(Supplied information Opens)

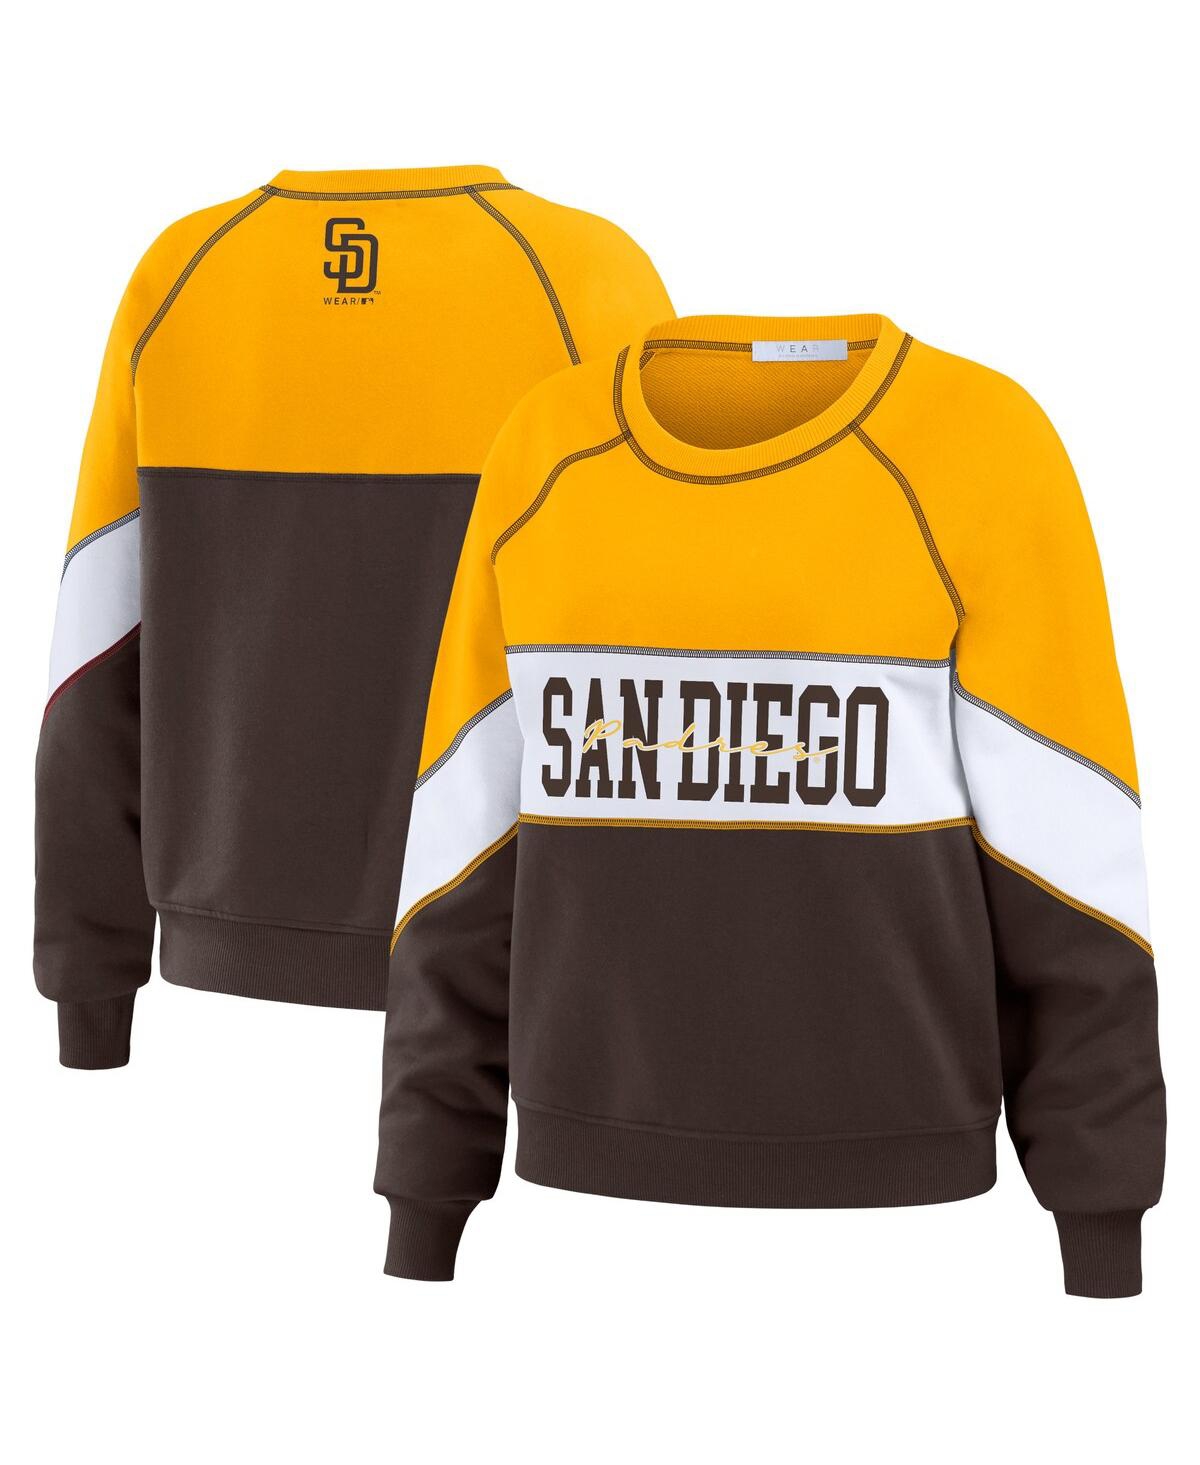 Women's Wear by Erin Andrews Gold, Brown San Diego Padres Crewneck Pullover Sweatshirt - Gold, Brown
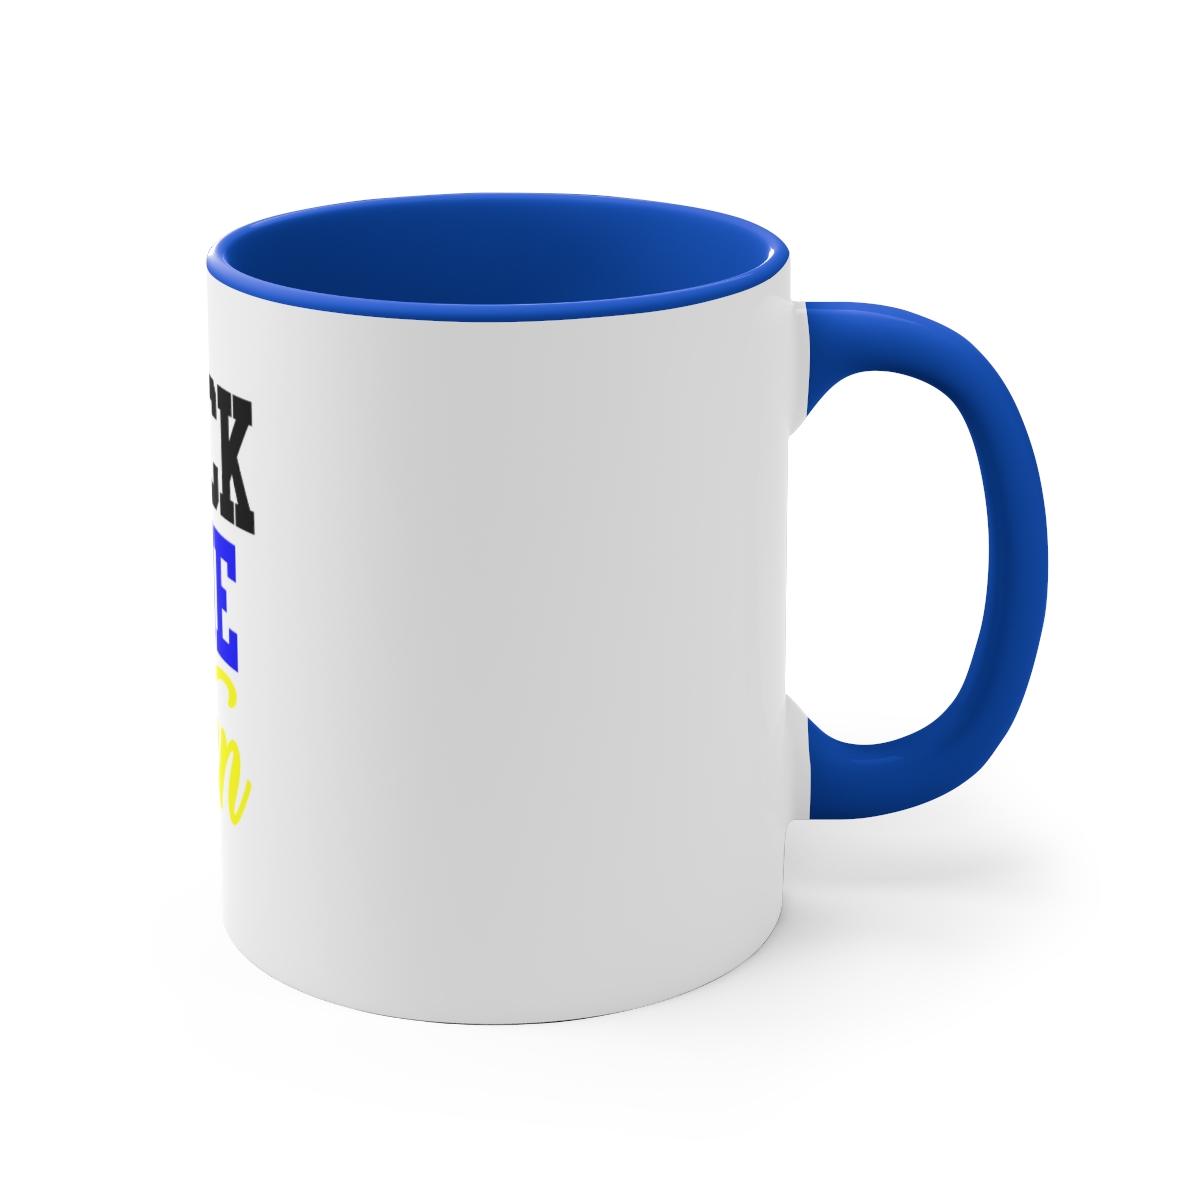 The Perfect Mug product thumbnail image
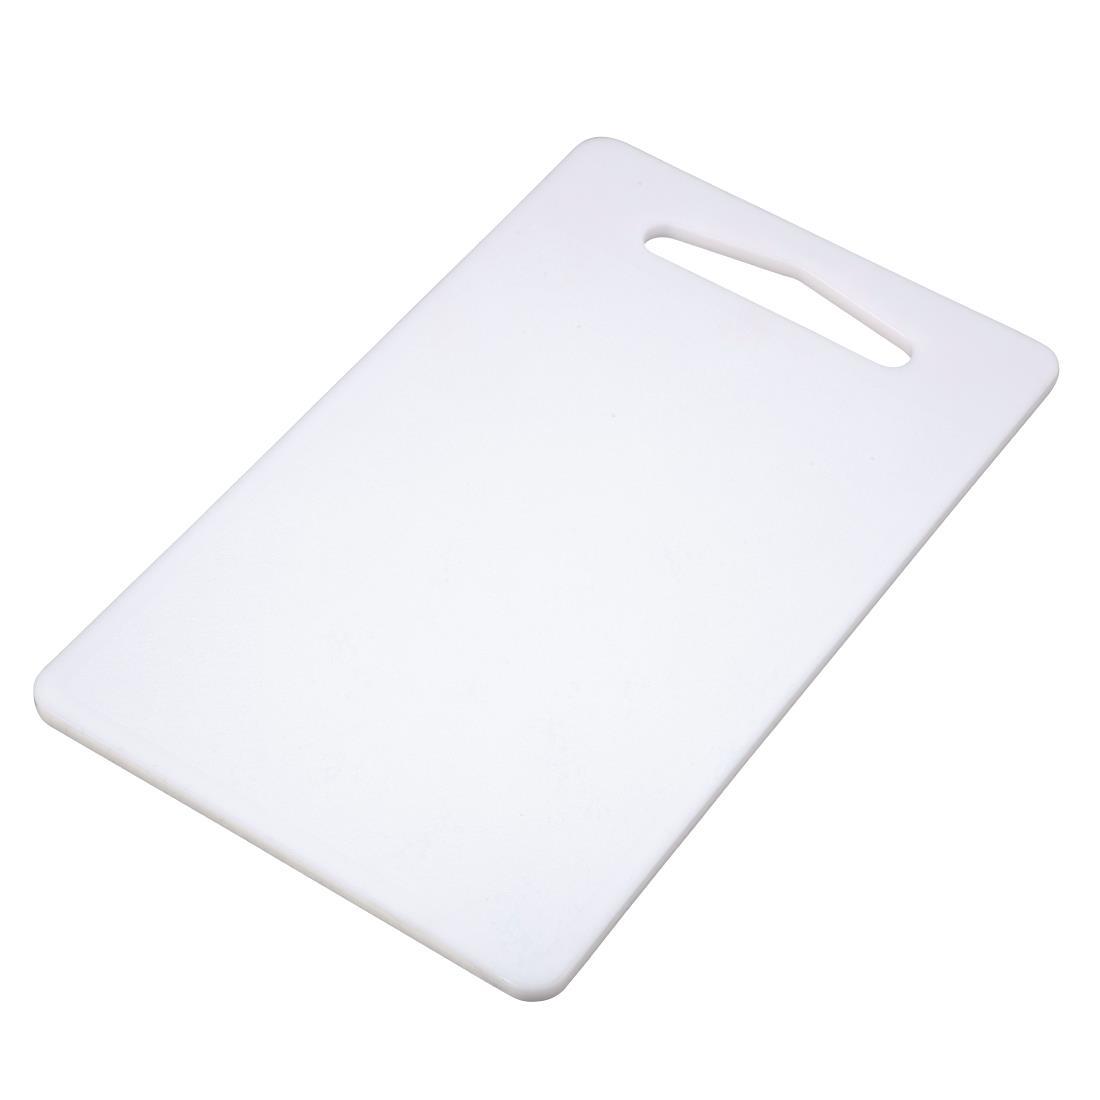 Hygiplas Low Density Cutting Board White - CD269  - 2

(Supplied information Closes)

**Problem description:** Leaving the pictures out, transcribe word for word the lines from the one with "The Perfect Mug product thumbnail image" to the end of the material above, inclusive, and nothing else.

**Answer space:**
 The Perfect Mug product thumbnail image
 Hygiplas Low Density Cutting Board White - CD269  - 2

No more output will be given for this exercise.